After … a long time, I boiled a performance issue down to the simplified code below. It’s most probably due shared memory bank conflicts. I read some NVIDIA doc pages (again and again), but I don’t really see how I can avoid the bank conflicts, since all solutions I saw use strided/offset methods with thread index involved. In my case, the x[] array is sequentially populated inside the kernel and calculations done on the entire array also inside the kernel.

__global__ void k() {
	__shared__ uint64_t x[32] = { 0 };
	for (i = 0; i < 32; i++)
		x[i] =  i;

The performance loss is about factor 2.5. I need to get rid of this. A hint would be sufficient.

Many thanks!

Probably your “boiling” down process has removed important info.

Anyway, a concern about bank conflicts can only be considered in light of behavior of threads in a warp, not a single thread.

Your code as shown here (the for-loop, at least) would not demonstrate any bank conflicts. Even if we consider multiple threads in a warp, for the code you have shown here, there is no reason to presume bank conflicts. All threads accessing the same location in shared memory in any particular cycle is not a bank conflict.

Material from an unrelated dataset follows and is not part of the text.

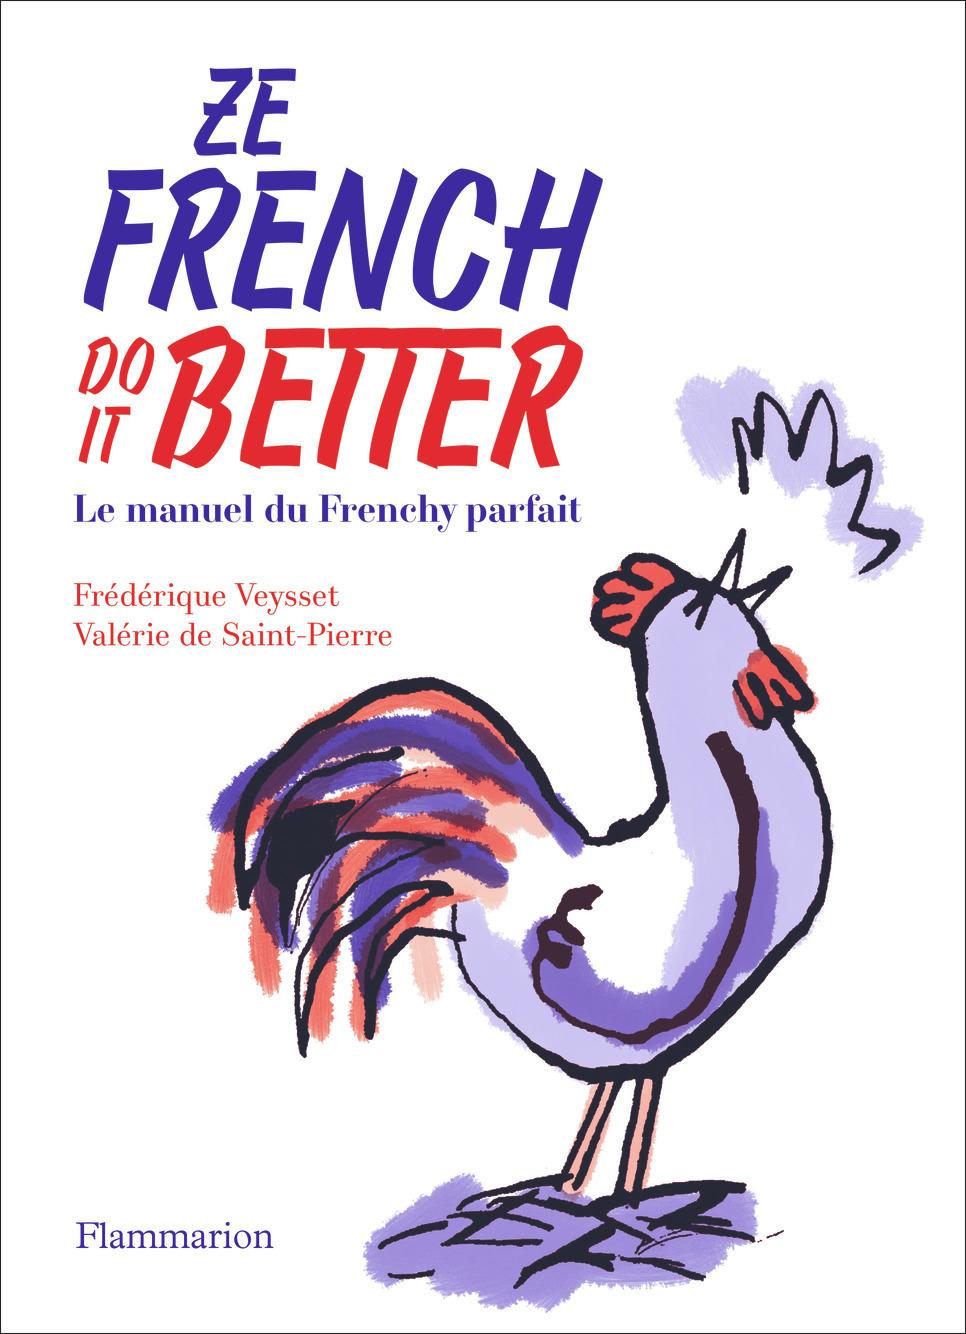 ZE FRENCH DO IT BETTER - LE MANUEL DU FRENCHY PARFAIT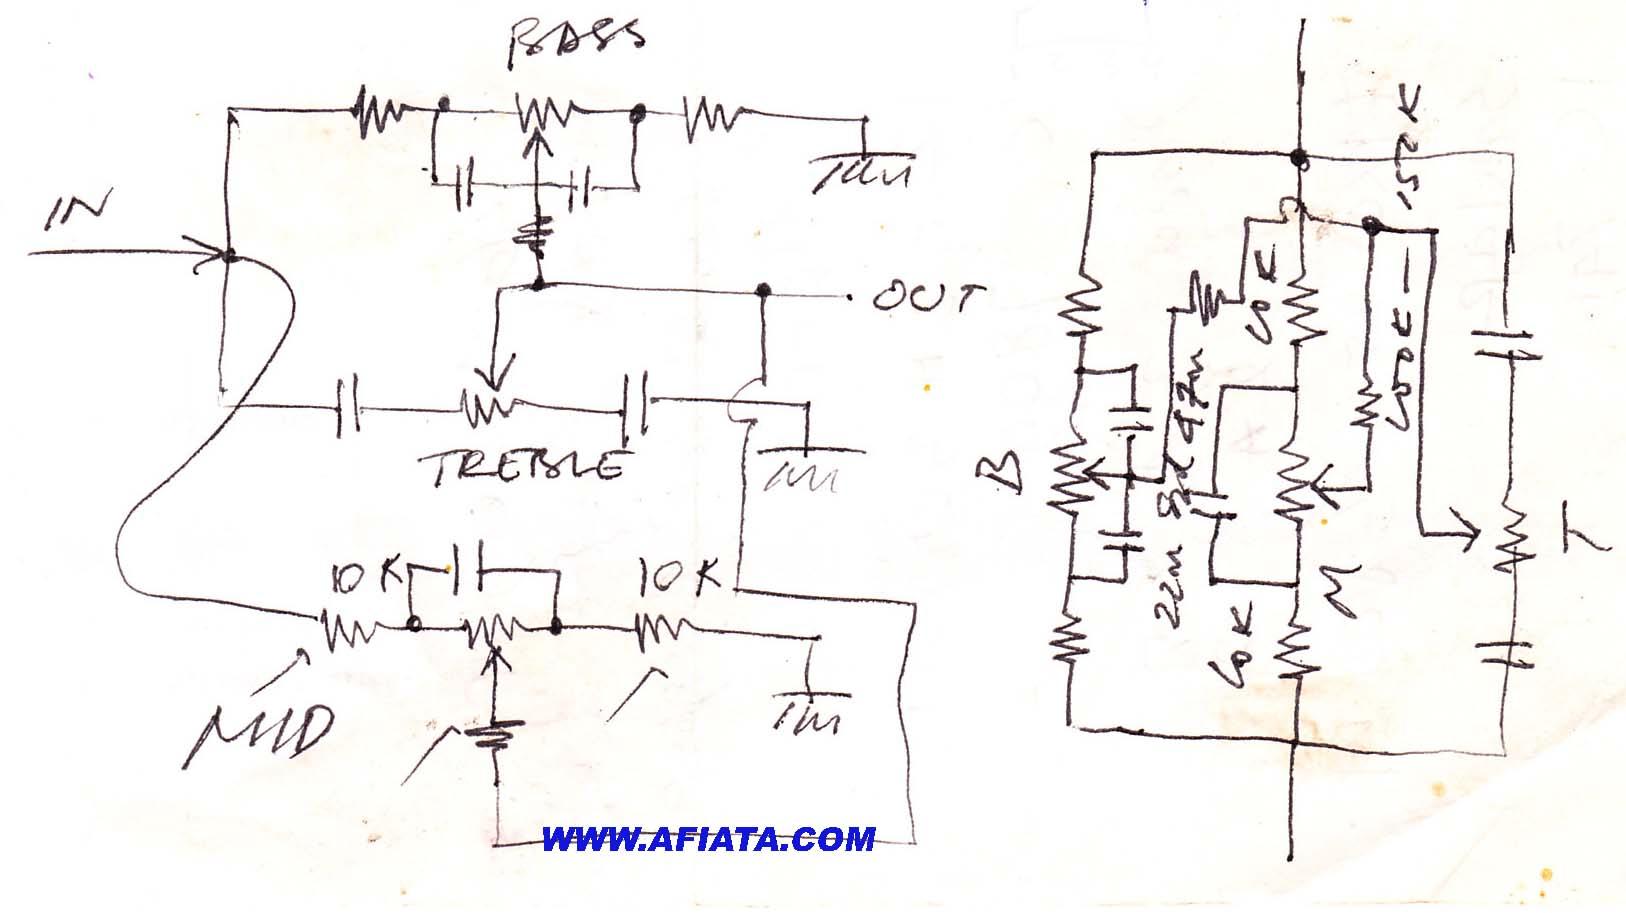 bass treble circuit diagram - wirdig, Circuit diagram

I meant “bank conflict” regarding the block (= multiple warps).

Problem solved. I checked again (and again) and found the issue (indeed in the rest of the code - but too lengthy). The shared x[] array was written by the threads - simultaneously. This was a stupid coding error from my side, not even a missing __syncthreads(). Needless to say that this obviously generated conflicts which reduced performance dramatically! Thanks for the kick …